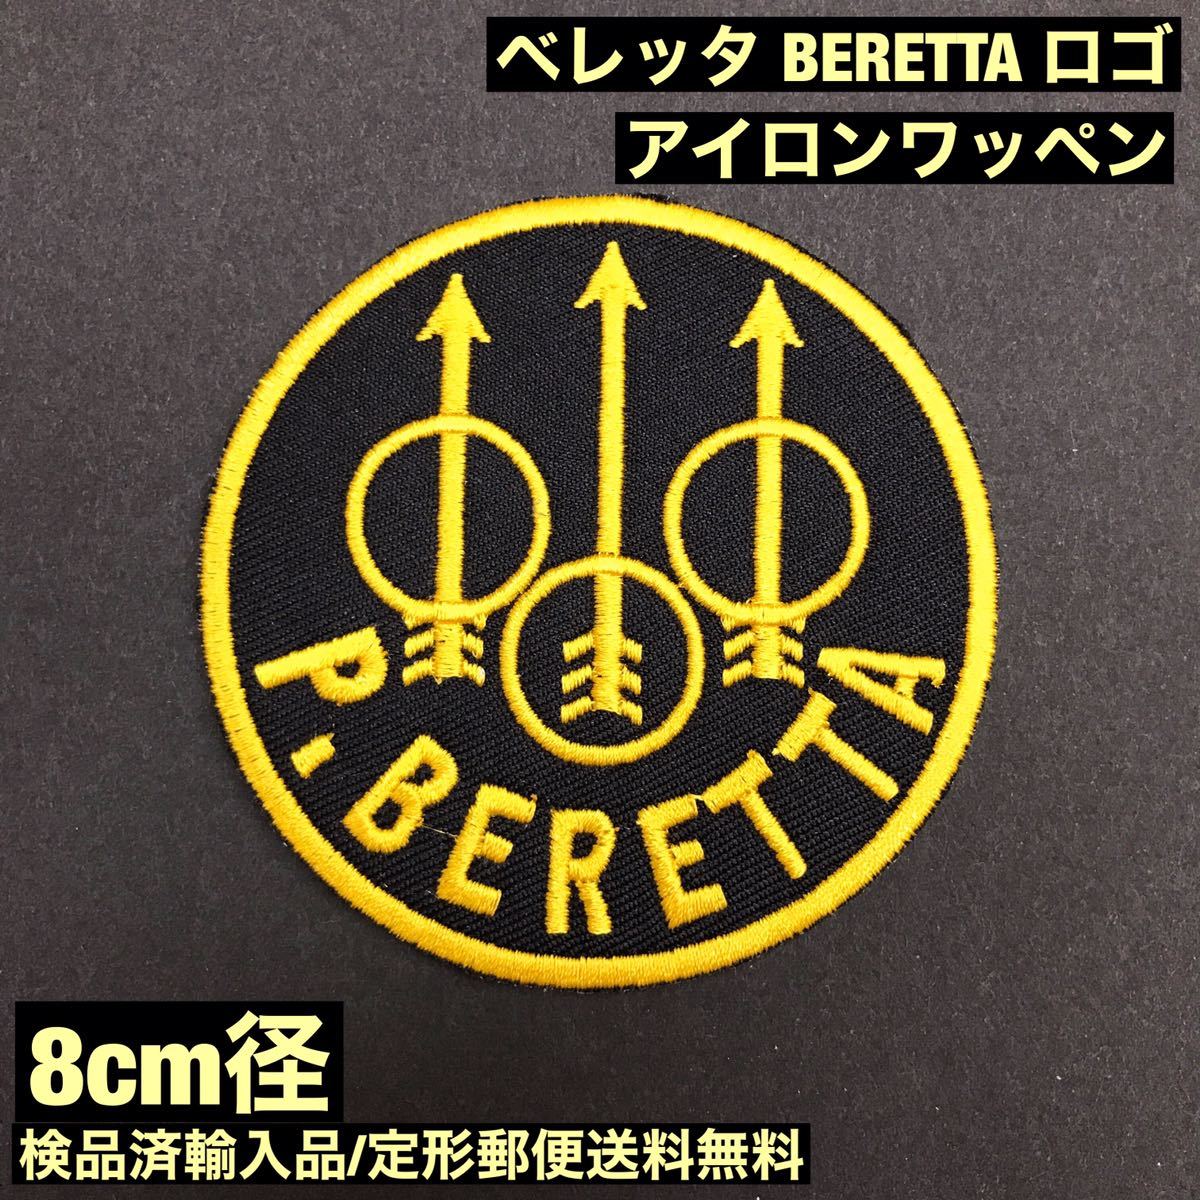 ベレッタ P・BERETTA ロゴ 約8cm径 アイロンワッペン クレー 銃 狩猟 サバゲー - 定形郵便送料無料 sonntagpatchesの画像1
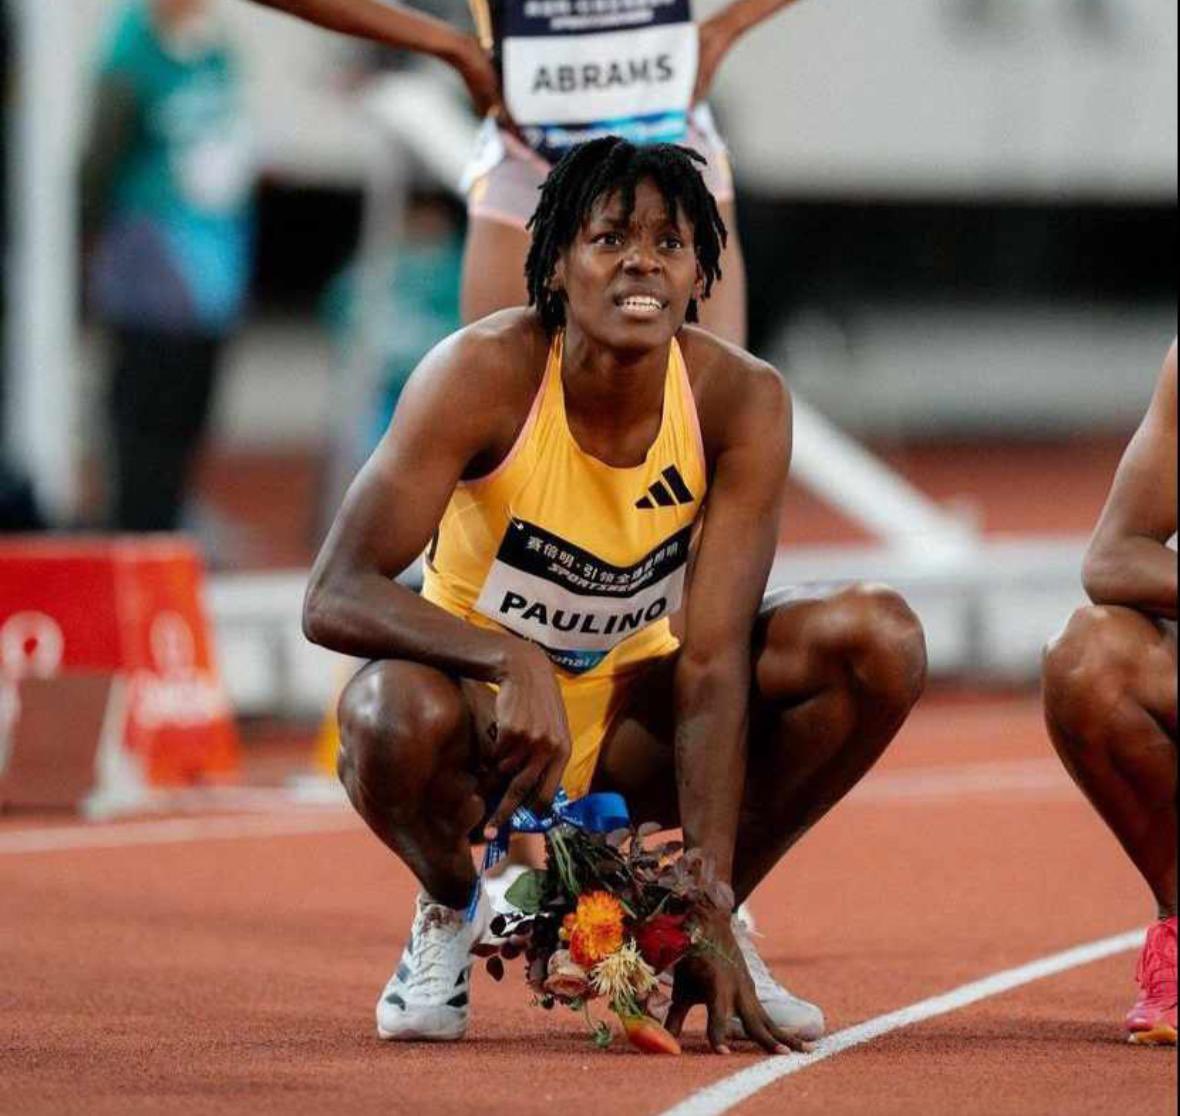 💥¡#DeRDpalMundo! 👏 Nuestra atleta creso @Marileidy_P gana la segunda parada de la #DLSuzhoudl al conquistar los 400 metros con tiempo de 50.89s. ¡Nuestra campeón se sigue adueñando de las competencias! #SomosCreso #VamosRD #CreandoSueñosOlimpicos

--

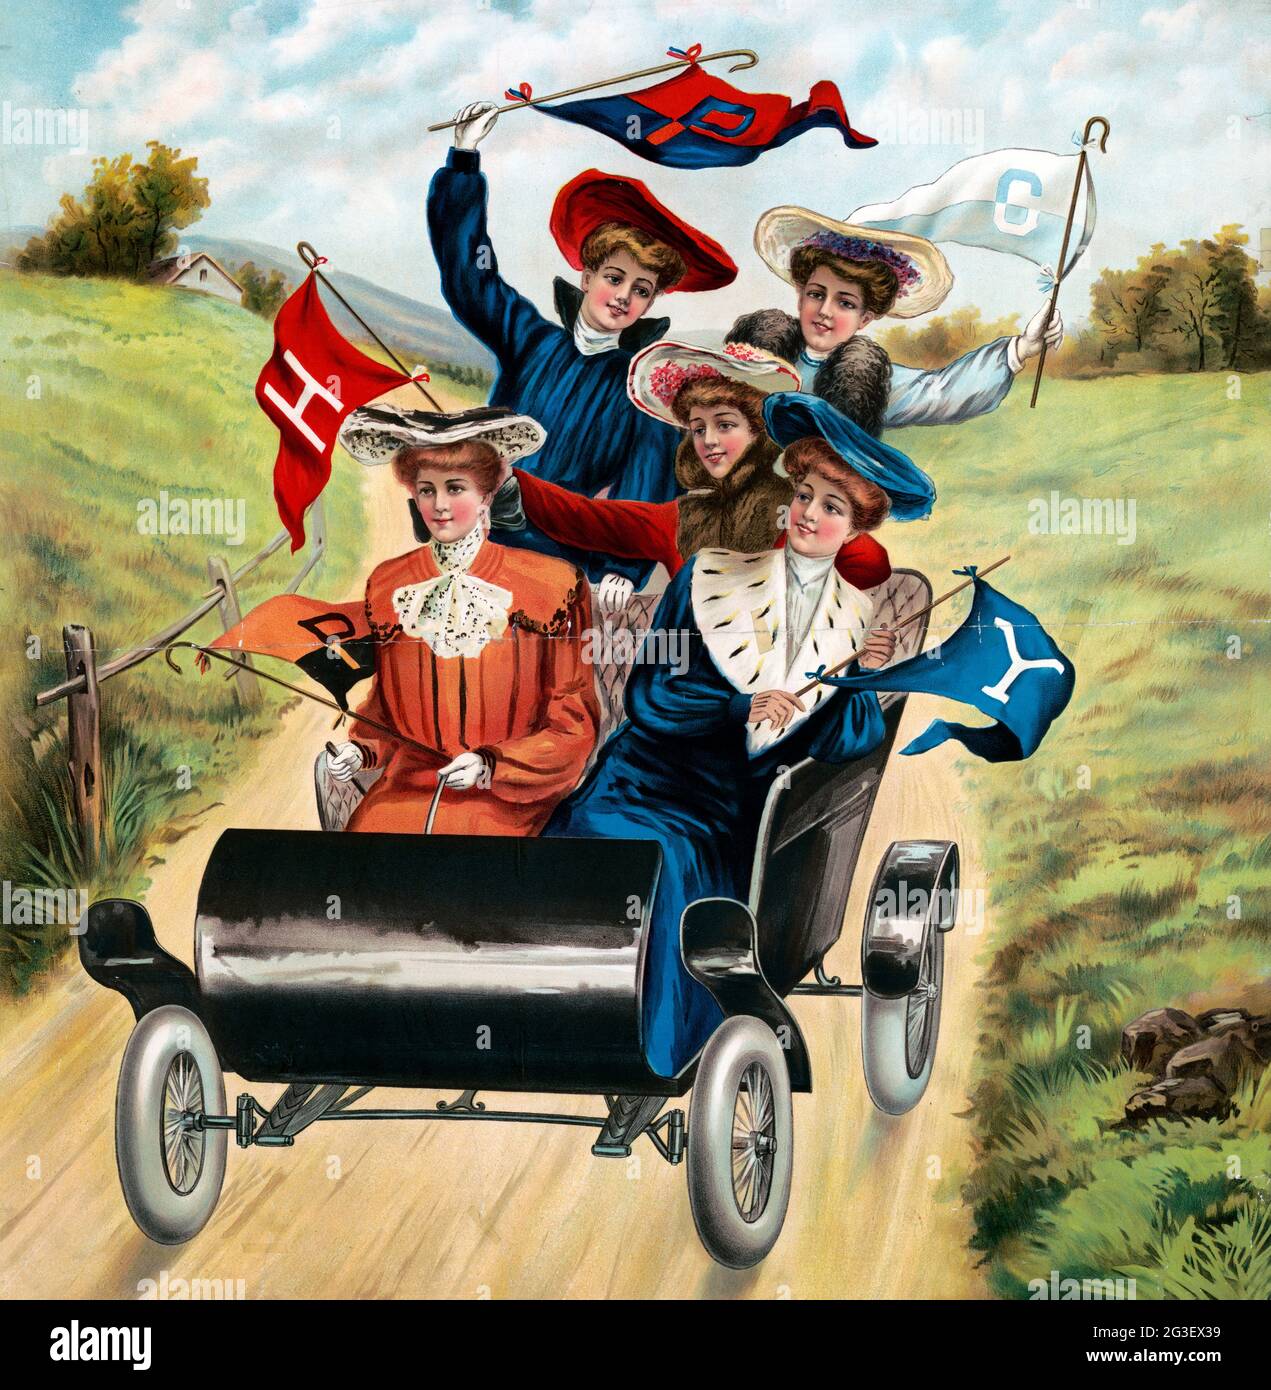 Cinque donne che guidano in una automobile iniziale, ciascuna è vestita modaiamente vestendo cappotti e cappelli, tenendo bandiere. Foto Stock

==

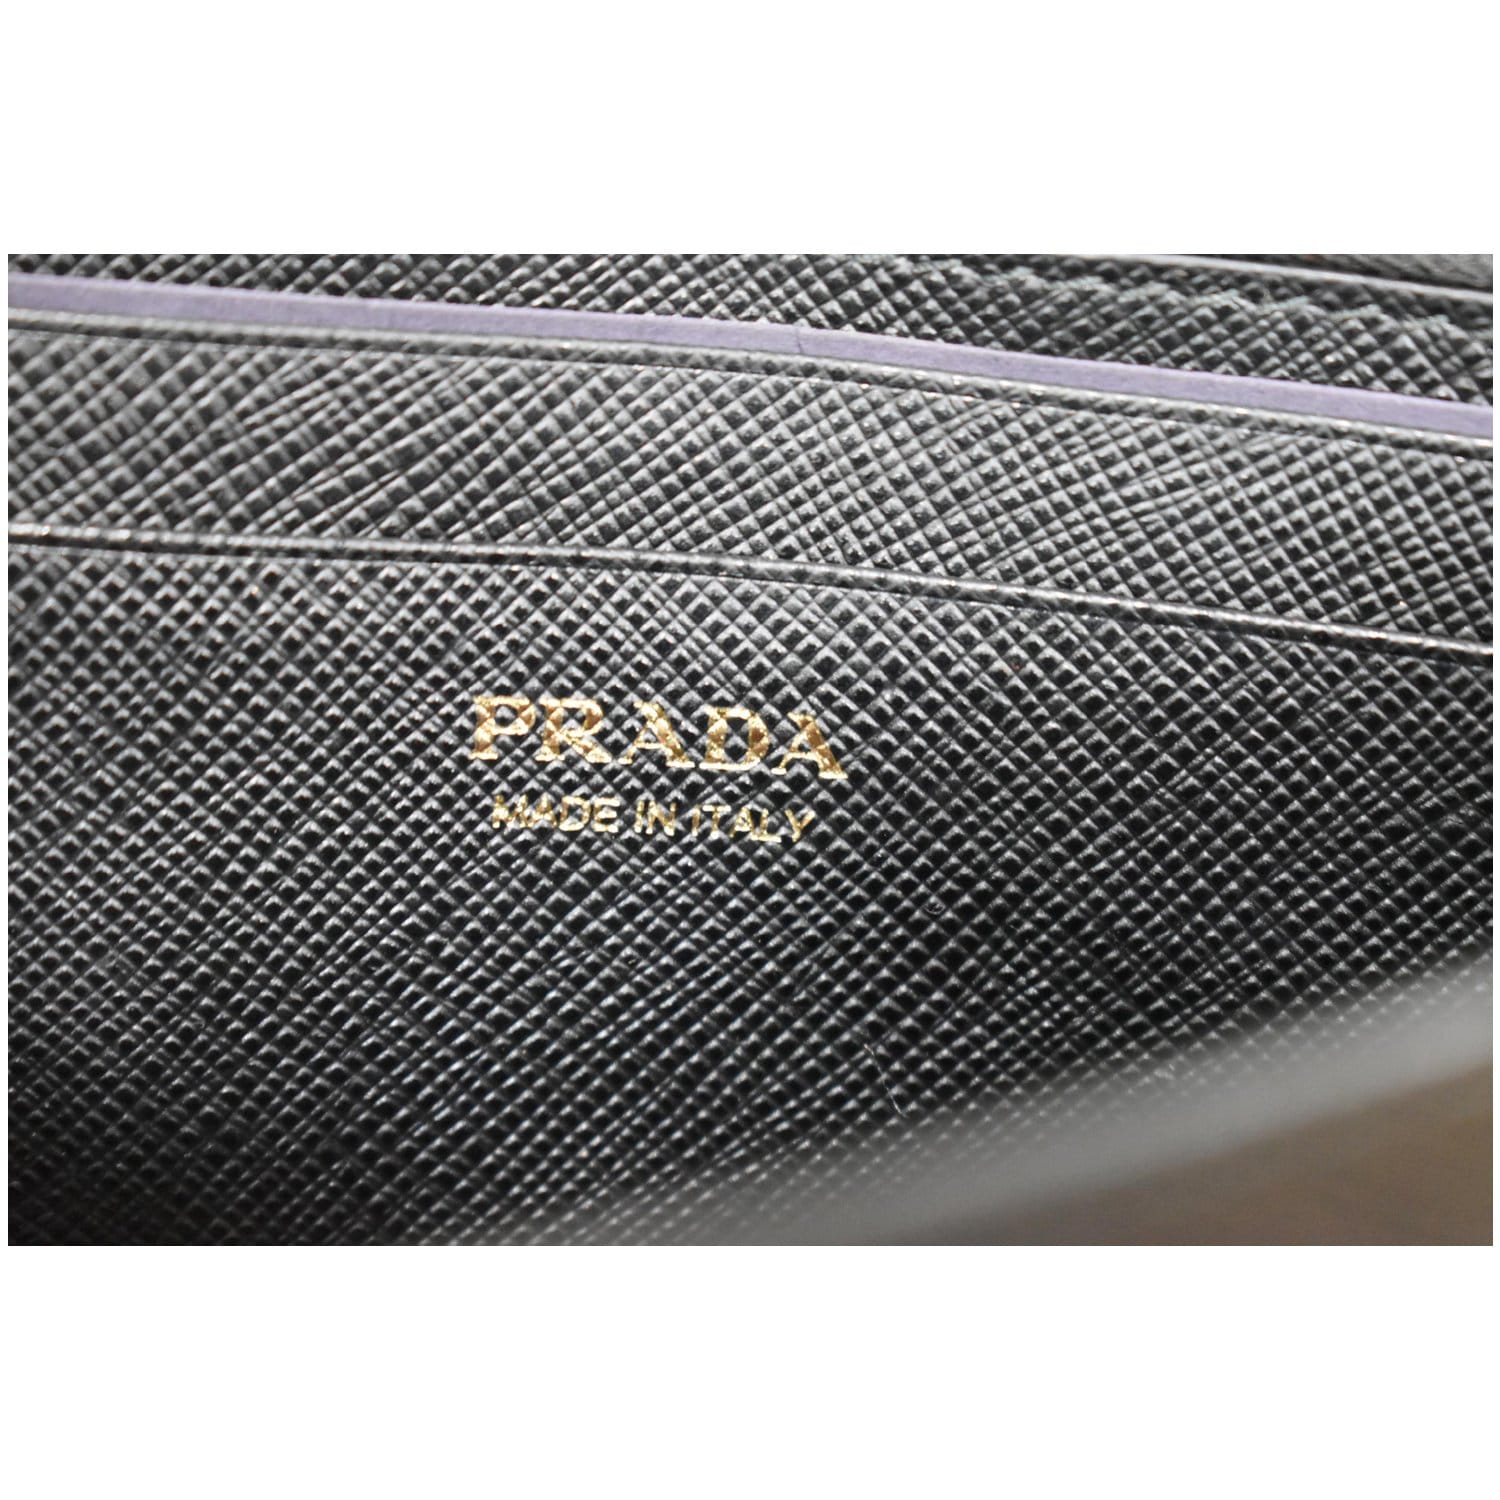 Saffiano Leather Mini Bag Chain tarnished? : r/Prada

Work request
Although pictures appear among the entries, please set down only the lines from the one with "ベレッタ P・BERETTA ロゴ" up to and including the one with "#SomosCreso #VamosRD #CreandoSueñosOlimpicos", word for word.

Your response
 ベレッタ P・BERETTA ロゴ 約8cm径 アイロンワッペン クレー 銃 狩猟 サバゲー - 定形郵便送料無料 sonntagpatchesの画像1
 💥¡#DeRDpalMundo! 👏 Nuestra atleta creso @Marileidy_P gana la segunda parada de la #DLSuzhoudl al conquistar los 400 metros con tiempo de 50.89s. ¡Nuestra campeón se sigue adueñando de las competencias! #SomosCreso #VamosRD #CreandoSueñosOlimpicos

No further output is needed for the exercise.